The first opening of a grant for supporting research for the use of ESCs was launched in 2005 after legal approval by the National Congress. Forty-five projects were approved for the study for all types of SCs, but only 13% were dedicated to studying ESCs [15]. Following the offer of this first grant, designation of the financing of which included research with hESCs, the delivery of further grants with the same purpose was delayed during the process of analysis by the Supreme Court. After the approval by the Supreme Court in 2008, the fourth opening of a grant supporting SC research was launched. A total of 52 projects, which involved basic, preclinical, and/or clinical studies and which also included hPSCs, were supported by this grant. During the same year, the Health Ministry in conjunction with Financiadora de Estudos e Projetos (FINEP) and Banco Nacional de Desenvolvimento Econômico e Social (BNDES) supported the establishment of Cell Technology Centers (CTCs) with the aim of preparing the country for clinical SC studies. A total of eight CTCs were created in five different states, which are now responsible for providing a variety of types of clinical-grade SCs. These include mesenchymal SCs from different sources, organ- or tissue-specific SCs (neural and cardiac SCs), and PSCs. Also in 2008, the Brazilian Network for Cell Therapy (Rede Nacional de Terapia Celular—RNTC) was created. The RNTC is composed of the 8 CTCs and 52 research laboratories distributed around the country [102]. This network was established to increase the exchange of information and promote scientific collaboration between research groups.

One of the achievements of this endeavor was the establishment of the first human ESC line by a Brazilian group in 2011 [1]. Efforts have also been made to promote internationalization of SC research as the majority of the work was being carried out in Brazil with little collaboration from abroad.
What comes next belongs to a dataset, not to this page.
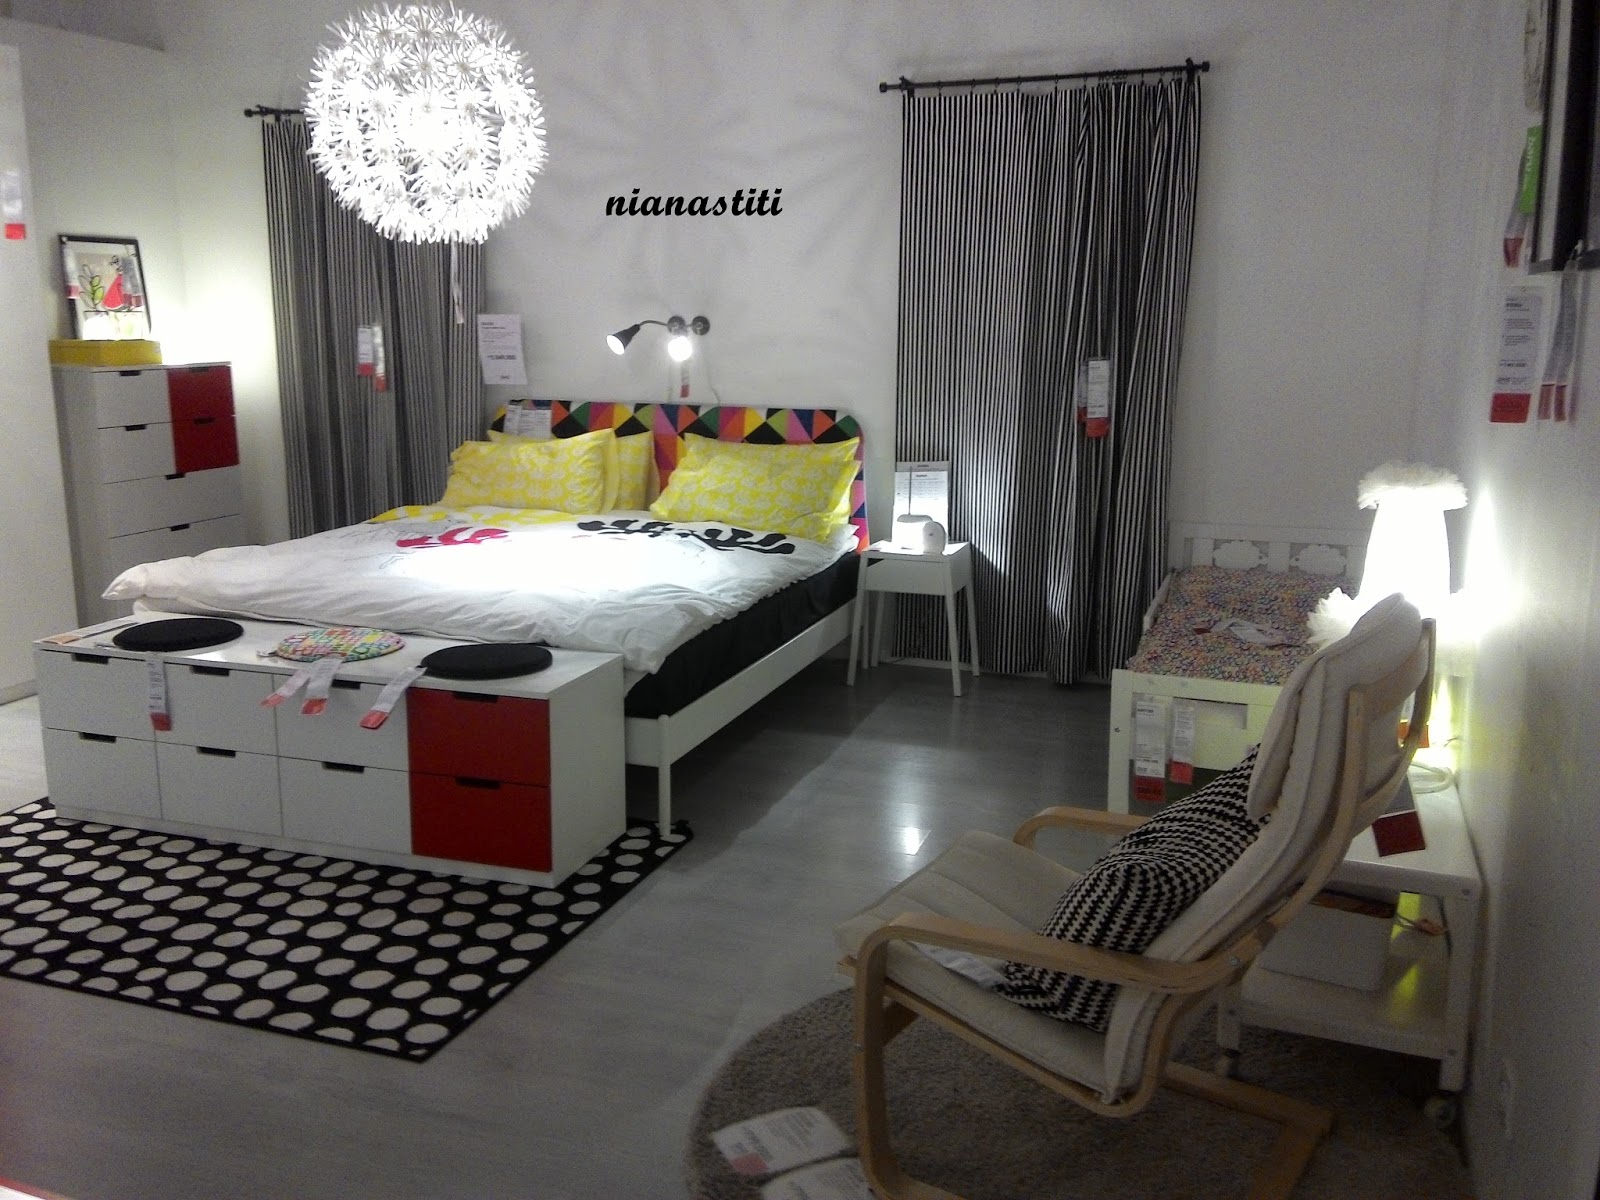 Desain Kamar Tidur Minimalis Ikea | Arsihome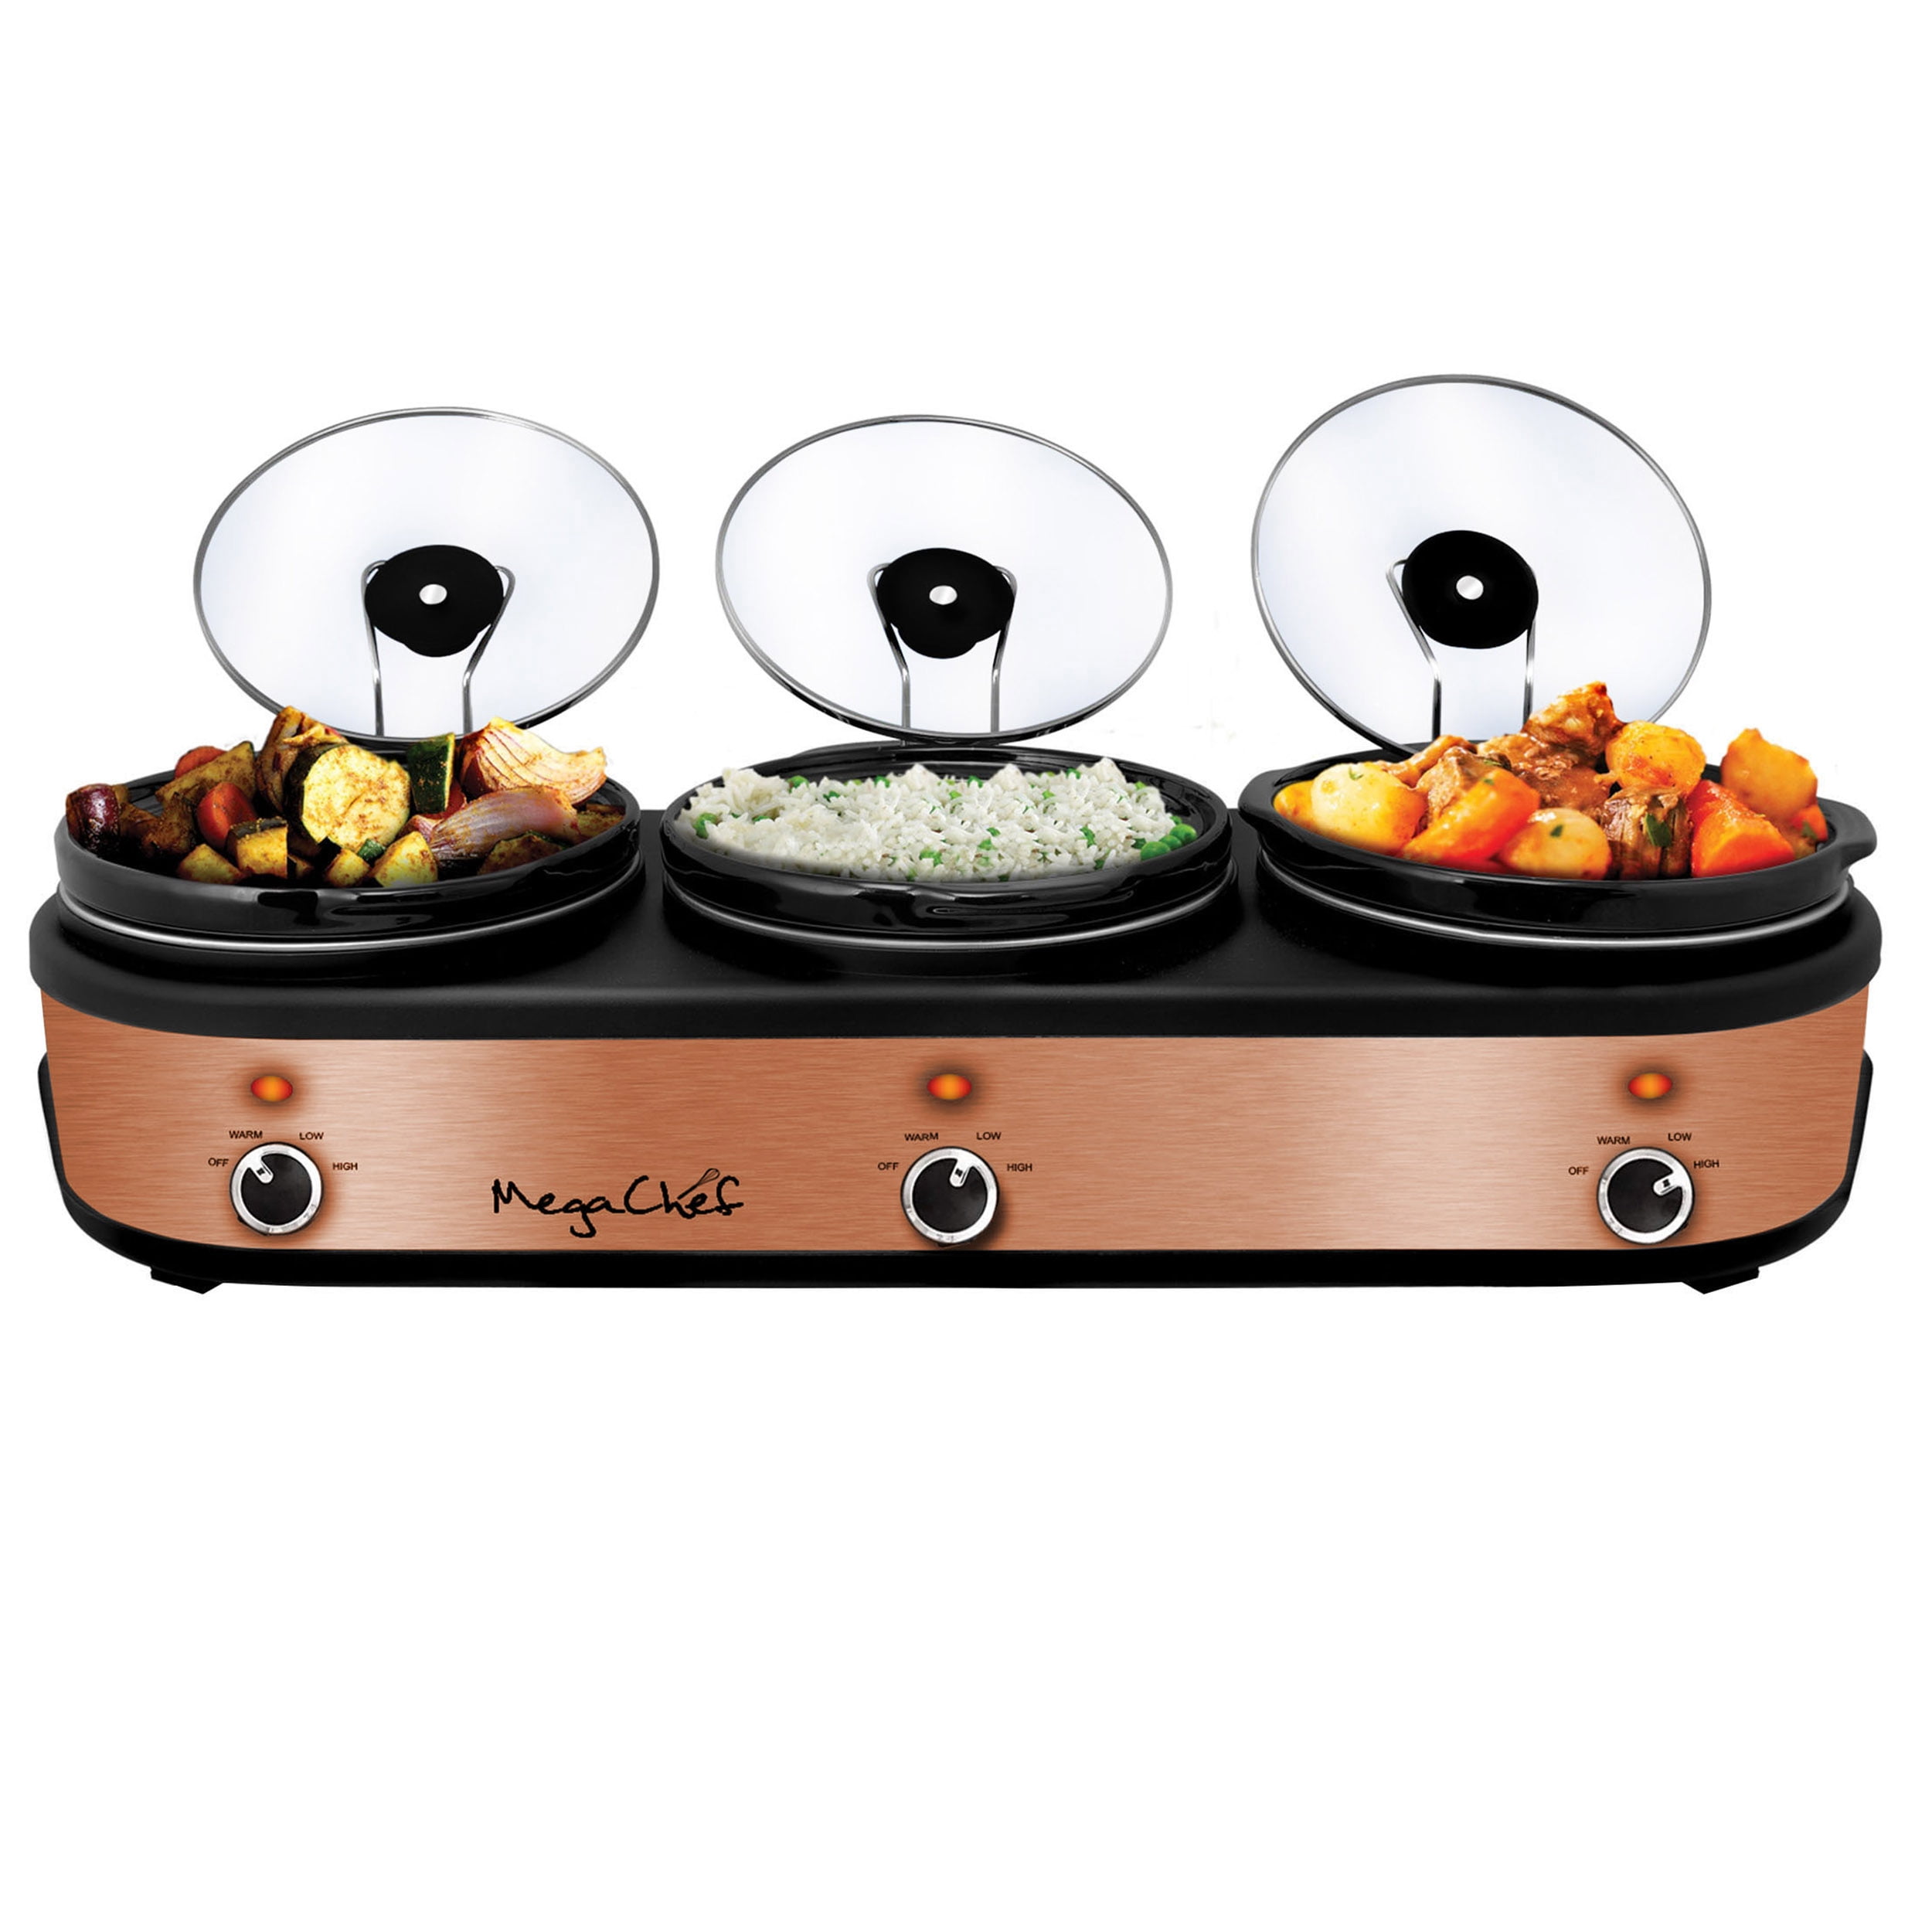 NutriChef PKBFWM33 - Food Warming Tray / Buffet Server / Hot Plate

Thus, in 2011 a grant was offered for the creation of the Bi-national Program of Cell Therapy to stimulate joint projects between groups from Brazil and Argentina. The seventh grant covering SC research was launched in 2012, entitled Translational Cell Therapy Research, and is currently funding 29 projects. These projects use adult and/or pluripotent SCs and include basic, preclinical, and clinical studies (type I and II clinical trials to test the safety of new procedures).

Integrating all the initiatives, a total of approximately 50 million dollars has been allocated to support seven specific grants for this research area; however, the inclusion of the other grants that have been made available, not specifically directed toward SC research, but which can also be used in this area, brings the total amount for investment to around 100 million dollars. As in other scientific areas, research in cell therapy is predominantly financed by the public sector in Brazil.

Conclusion

In Brazil, as in other South American countries, there is an emergence of scientific enterprise. Investments and publications are on the increase with greater resources becoming available for research. There is an impetus to attract young researchers to remain in the country, and, with corroboration from international colleagues, young scientists are carrying out research abroad and returning with the benefits of additional knowledge and experience. This global collaboration is the only way to assure the real success of SC research and the transference of its benefits for the whole of society.